Between now and then, aside from the occasional slow down and inevitable market hiccups, the real estate industry is likely to enjoy a long period of expansion.
The reason why we are seeing home prices increase is because there is high demand and limited supply. This is different than the housing bubble when speculation drove the market.
The key for anyone looking to buy or sell is to consult with a local Realtor about what is happening in your area. If you have any questions about buying or selling real estate in the Anderson SC area. please Contact Me!
Construction Employment Increases in 35 States
Thirty-five states and the District of Columbia added construction jobs between January 2017 and January 2018, while 32 states and D.C. added construction jobs between December and January, according to an analysis by the Associated General Contractors of America of Labor Department data released today. Association officials cautioned, however, that newly-imposed tariffs on steel and aluminum products are likely to undermine future job growth in the sector.
AGC chief economist Ken Simonson said:
The widespread growth of these good-paying jobs is encouraging. But many of the jobs are at risk if unwise tariffs push up materials costs, making projects unaffordable, and if the nation continues to underfund infrastructure investment.
There is no doubt that the tariffs could have a negative impact on the economy and housing market as I covered over a week ago in this article. It is a shame to see something that could derail the economy or housing market being pushed in Washington.
What Does Faster Inflation and Rising Mortgage Rates Mean for Housing?
Healthy economic growth and a strong labor market are increasing the risk of rising inflation, which increases the likelihood the Fed will raise rates faster than currently expected. The latest jobs’ report indicated a strong start to 2018, with total non-farm payroll employment increasing by 313,000. Impressively, the labor market strength was broad-based, as all industries experienced job gains in February. The robust job market is gradually putting upward pressure on compensation, with wages up 2.6 percent compared with a year earlier.

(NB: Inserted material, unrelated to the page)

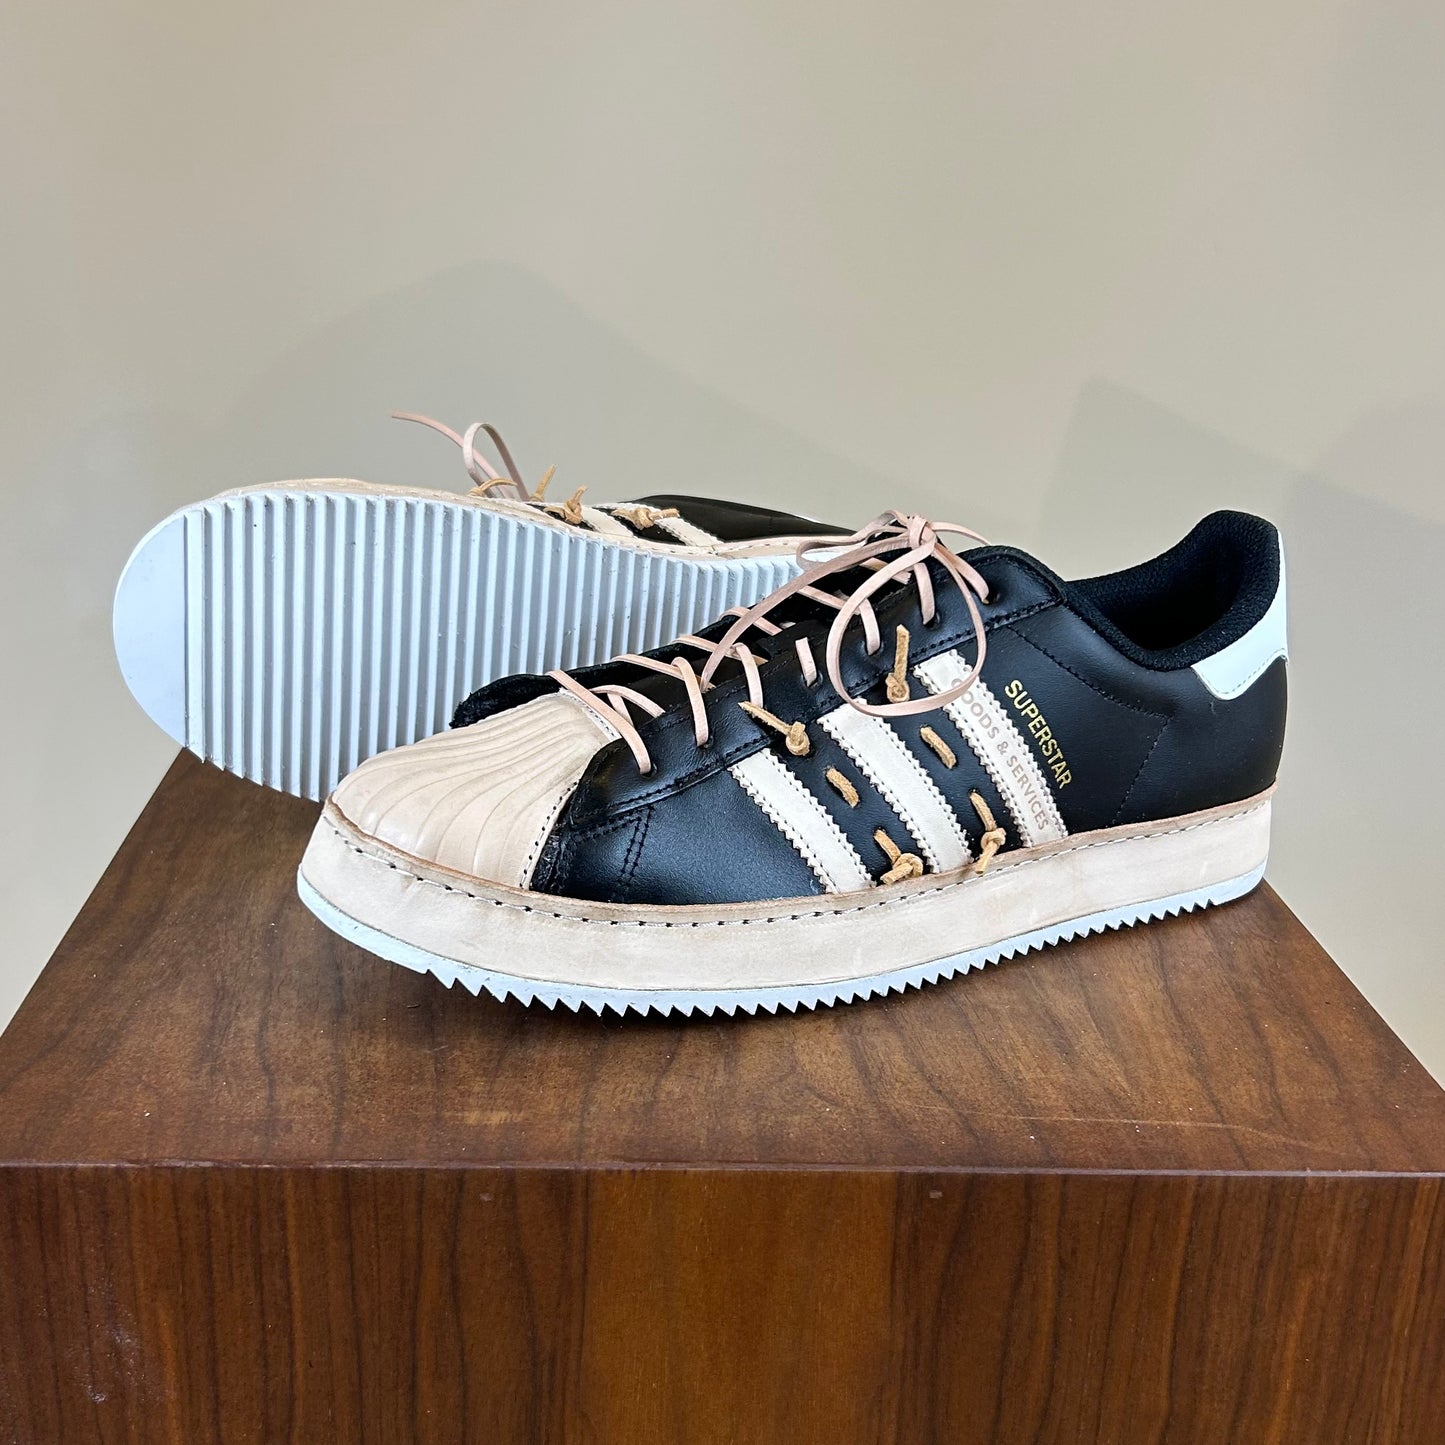 Mima Reggio Emilia - Adidas superstar custom shoes😍❤️ Made by

The fate of consumer house-buying power in 2018 will depend on the tug-of-war between rising household income and inflation-driven pressure on mortgage rates.
So, if the rate of inflation accelerates and the Fed reacts with more rate increases, what does that mean for housing? Rising inflation will also push up long-term bond yields to compensate investors for the higher level of inflation. For example, the yield on the 10-year Treasury note has already climbed about 0.6 percent since the start of the year on the expectation of rising inflation. Mortgage rates follow the same path as long-term bond yields. According to data released by Freddie Mac last week, the 30-year, fixed-rate mortgage rate increased to 4.43 percent, up 0.5 percent from the beginning of the year and the eighth consecutive week of rising mortgage rates. A higher mortgage rate means reduced house-buying power.
While no one knows with 1005 certainty what the future holds, we do know that if mortgage rates and home prices keep increasing it will decrease the budget of some home buyers.
With the limited inventory of affordable homes, things could get pretty hairy for some home buyers!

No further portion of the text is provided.